— А что собираетесь делать дальше?
— Посмотрю.
— Надеюсь, вы не большевик и не из сочувствующих?
— Помилуй бог!
— Если так, скажу откровенно… Всей этой петрушке скоро крышка!
— К сожалению, вы выдаете желаемое за достигнутое, а это очень опасно — заблуждаться.
— Выходит, по-вашему, всякая надежда — заблуждение? А я надеюсь видеть Россию сильной, великой и чтобы во главе стояли не авантюристы и не немецкие шпионы, а умные, образованные, интеллигентные люди… И чтобы хамье знало свое стойло… Сейчас в России надо уметь вести себя осторожно… У нас в Штатах все ясно, я прихожу в контору и сразу вижу — это младший клерк, это старший, а это хозяин. Я твердо знаю, как с каждым из них себя вести. А здесь все спутано. Я прихожу в какой-нибудь комитет, смотрю и решаю: «Вот это приличный господин, он самый большой начальник». А самым большим оказывается солдат, или матрос, или еще хуже — женщина! Кстати, если заговорили о женщинах… Хотите кутнуть?
Сергей замялся. Вечер предстоял пустой — Анна Федоровна к примирению шла туго, разговаривать разговаривала, но дальше порога не пускала, и в кармане только махорка, да и то на одну закрутку.

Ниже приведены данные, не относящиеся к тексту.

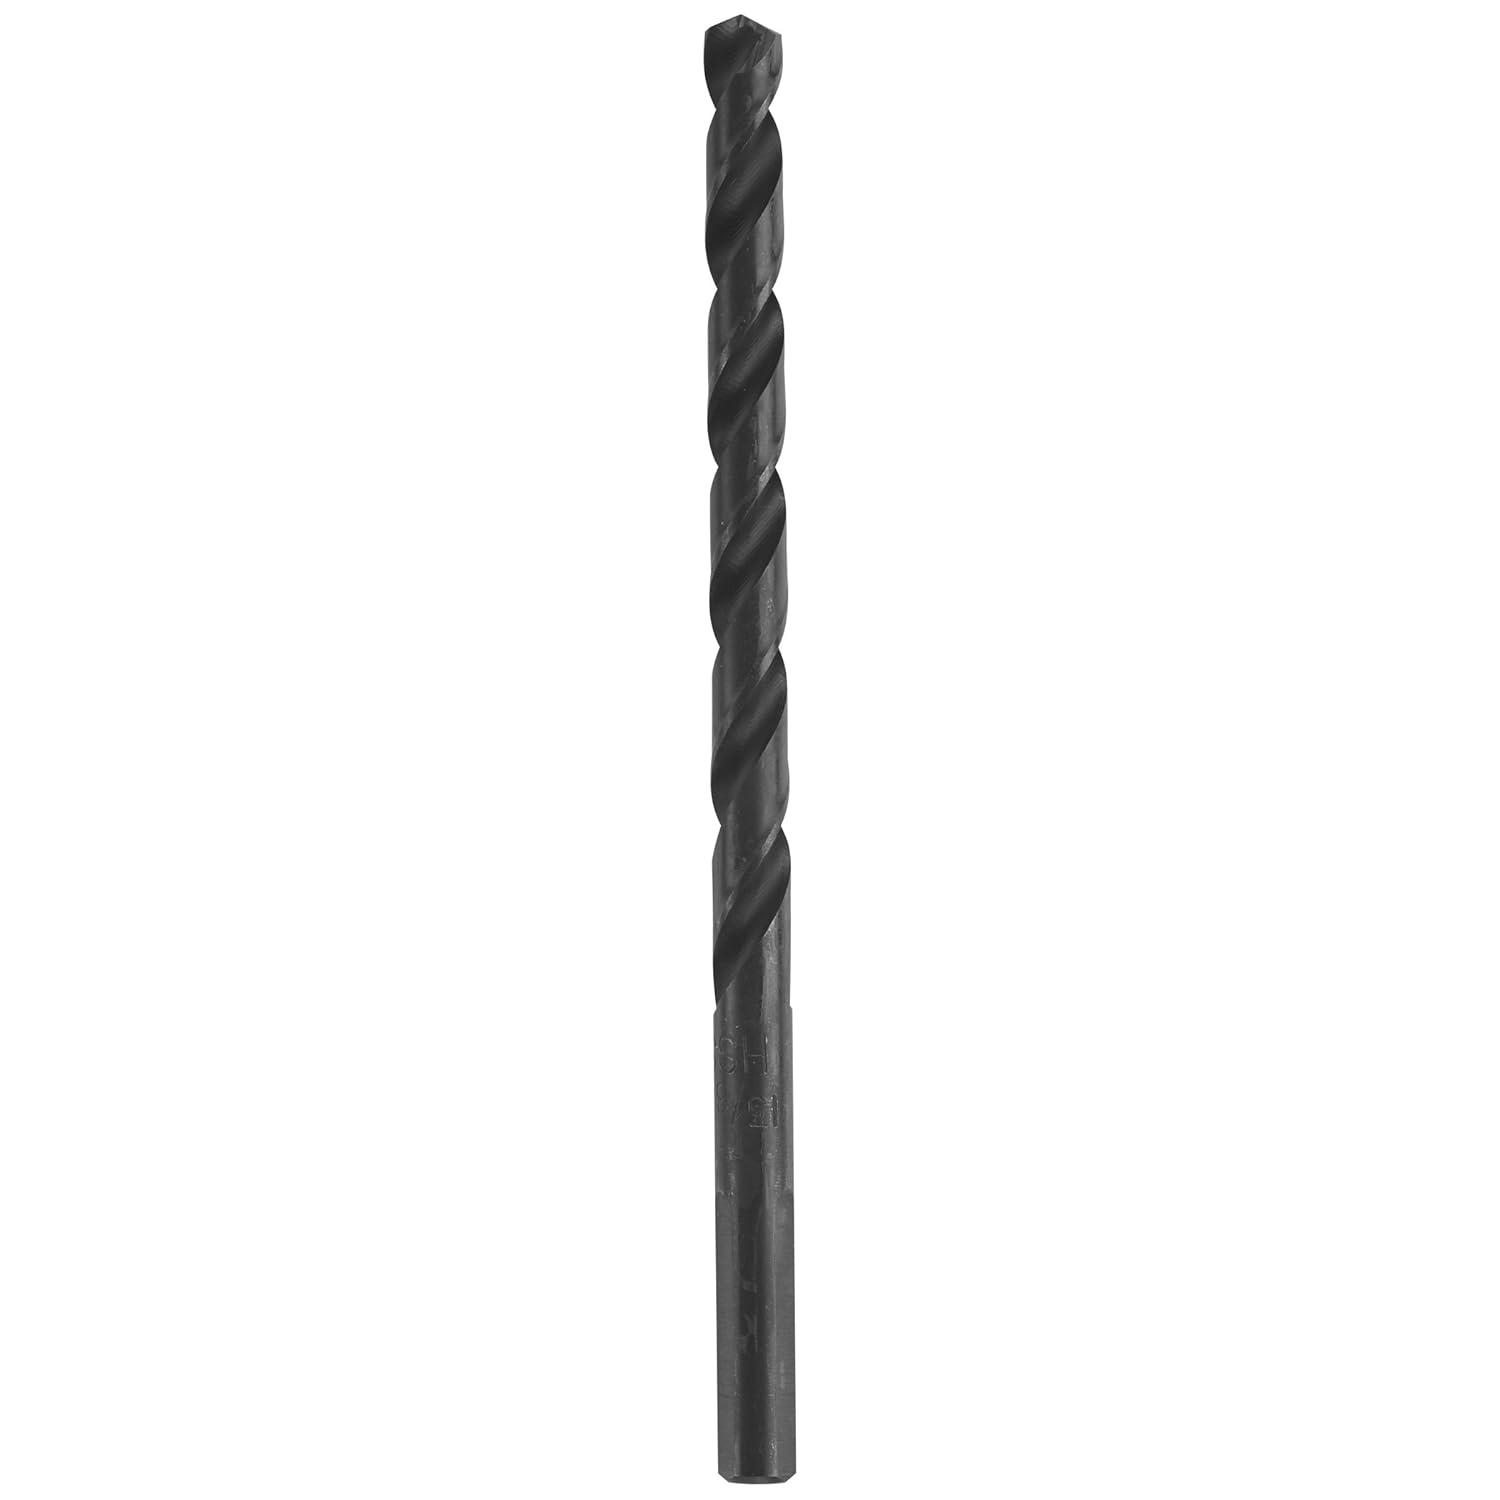 BOSCH Fractional Jobber Black Oxide Drill Bit (various sizes) $0.67 +Shipping is free w/ Prime or on $35+ orders

— Что вас смущает? Возможно, вы стеснены в финансах? Это легко поправить. Я могу предложить небольшой заем, без векселя и процентов.
Сергей жестко усмехнулся:
— Разумеется, я должен отказаться. Но я возьму, но с одним обязательным условием…
— Выкладывайте.
— Я понимаю, что вы не Рокфеллер и просто так, за здорово живешь, деньги бросать не станете. Следовательно, я вам для чего-то нужен. Верно?
— Вы молодец! Деловой человек.
— Ладно! Комплименты после. Давайте.
Встретились ровно в десять на углу Тверской и Настасьинского переулка. Кияткин открыл дверцу автомобиля и пригласил:
— Располагайтесь как дома. Знакомьтесь…
В машине оказались две девицы: одна — черная, с густо подведенными «трагическими» глазами, с челкой; вторая — совсем юная крохотуля, с маленькими лапками.
Кияткин распорядился:
— Рыжик, занавеску!
Крохотуля задернула занавески, и машина превратилась в маленькую комнатку, а когда включили карманный фонарик, стало совсем уютно.

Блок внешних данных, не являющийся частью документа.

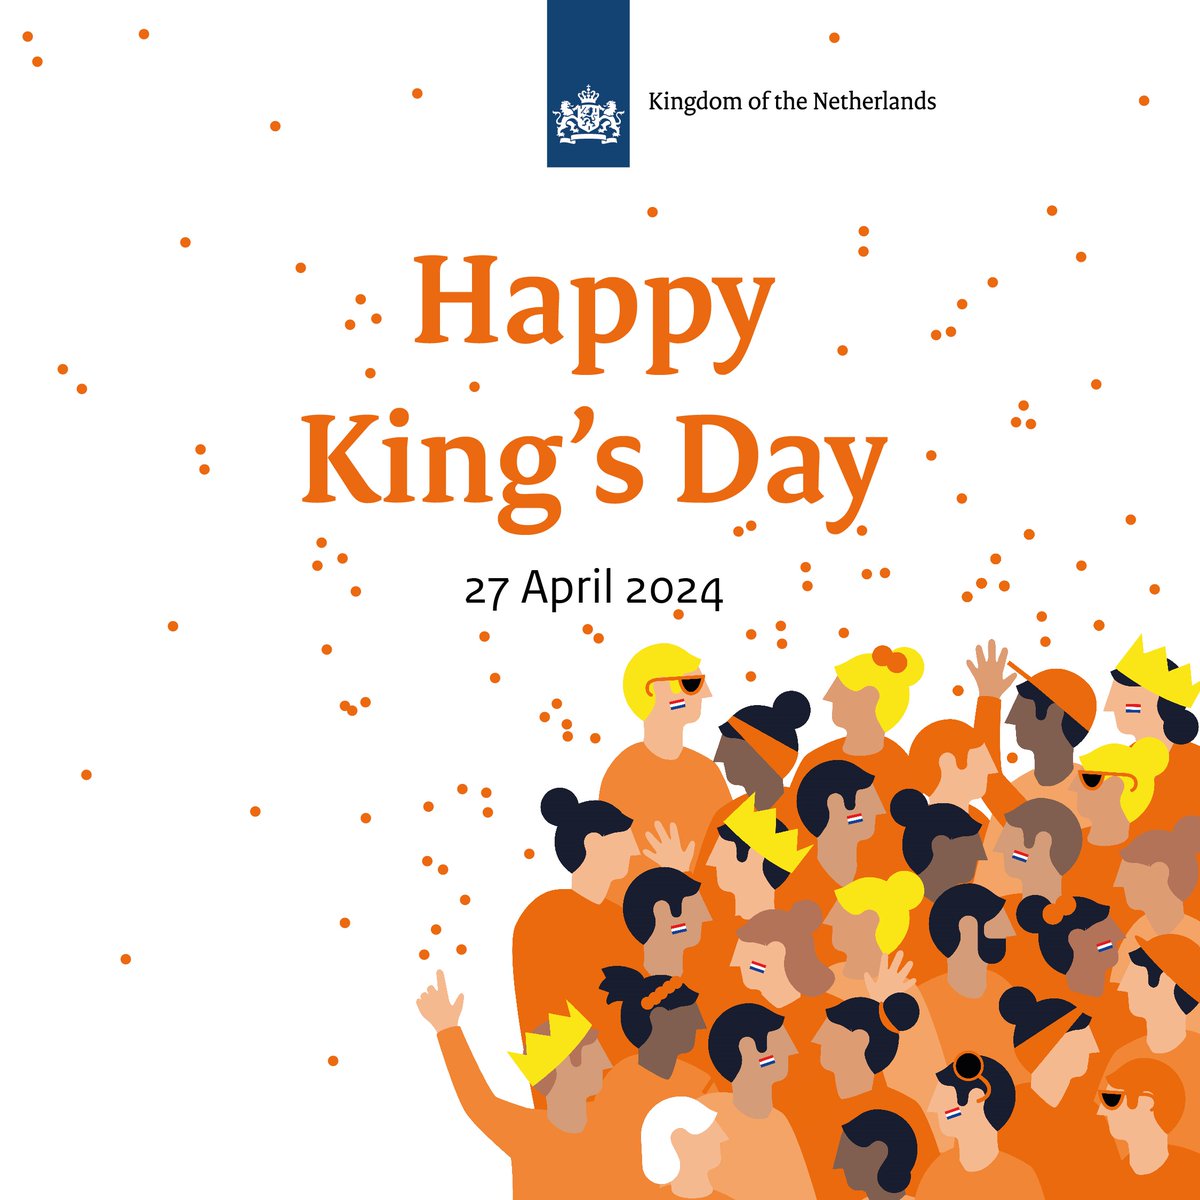 Join us today in celebrating #Kingsday 👑 🇳🇱 the Dutch national day uniting everyone in the entire Kingdom of the Netherlands - Long live the King! #Kingsday2024

— Господи благослови, — тихонько пропел Митрофан, разливая по дорожным серебряным чаркам французский коньяк. — За здоровье наших дам!..
Крохотуля пискнула, словно мышонок, но коньяк опрокинула, как городовой, — в один глоток. Не отстала и ее молчаливая подружка.
Прикончив бутылку, пошли в кафе поэтов, где Кияткин заказал столик. Брюнетка повисла на руке у Сергея, очевидно, роли дам были распределены заранее.
Сергей с любопытством оглядывал кафе, он попал в него впервые: усыпанный опилками пол, шумно, дымно. За соседним столиком седой толстяк в черной широкой блузе громко диктовал что-то остроносому молодому человеку, отдаленно напоминающему Гоголя. Видно, молодой человек знал о сходстве, и прическа у него была, как у Гоголя. Толстяк ударял кулаком по столику, мотал в такт лохматой головой.
— Господин Ленин заявил, что швыряться звонкими фразами — это свойство деклассированной мелкобуржуазной интеллигенции. А мы не швыряемся, мы готовы действовать…
Кияткин усмехнулся.
— Анархисты… Готовят очередной номер своей газеты. Их отовсюду повышибали, теперь они тут… Все! Финита ля комедиа!
К столику анархистов подбежал администратор в красном пиджаке с синим бантом.
— Господа! Вы же обещали не шуметь!.. Дали слово, что не будете у нас заниматься политикой.
Толстяк деловито выругался:
— Да идите вы к черту!.. Что нам, на улице прикажете работать?
Администратор умоляюще сложил руки.
— Тогда хоть потише…
В кафе появился еще один посетитель: чернобровый, высокий красавец. Постоял у двери, оглядел публику и направился к буфету.
Кияткин радостно окликнул его:
— Алексей Илларионович!
Красавец подошел, с небрежной милостивостью протянул руку.
— Познакомьтесь, господа… Это поручик Пухов…
— Сидоров, — представился красавец и с усмешкой добавил: — Если интересуетесь чином моим и званием, то к вашим услугам — сотрудник московской продовольственной милиции…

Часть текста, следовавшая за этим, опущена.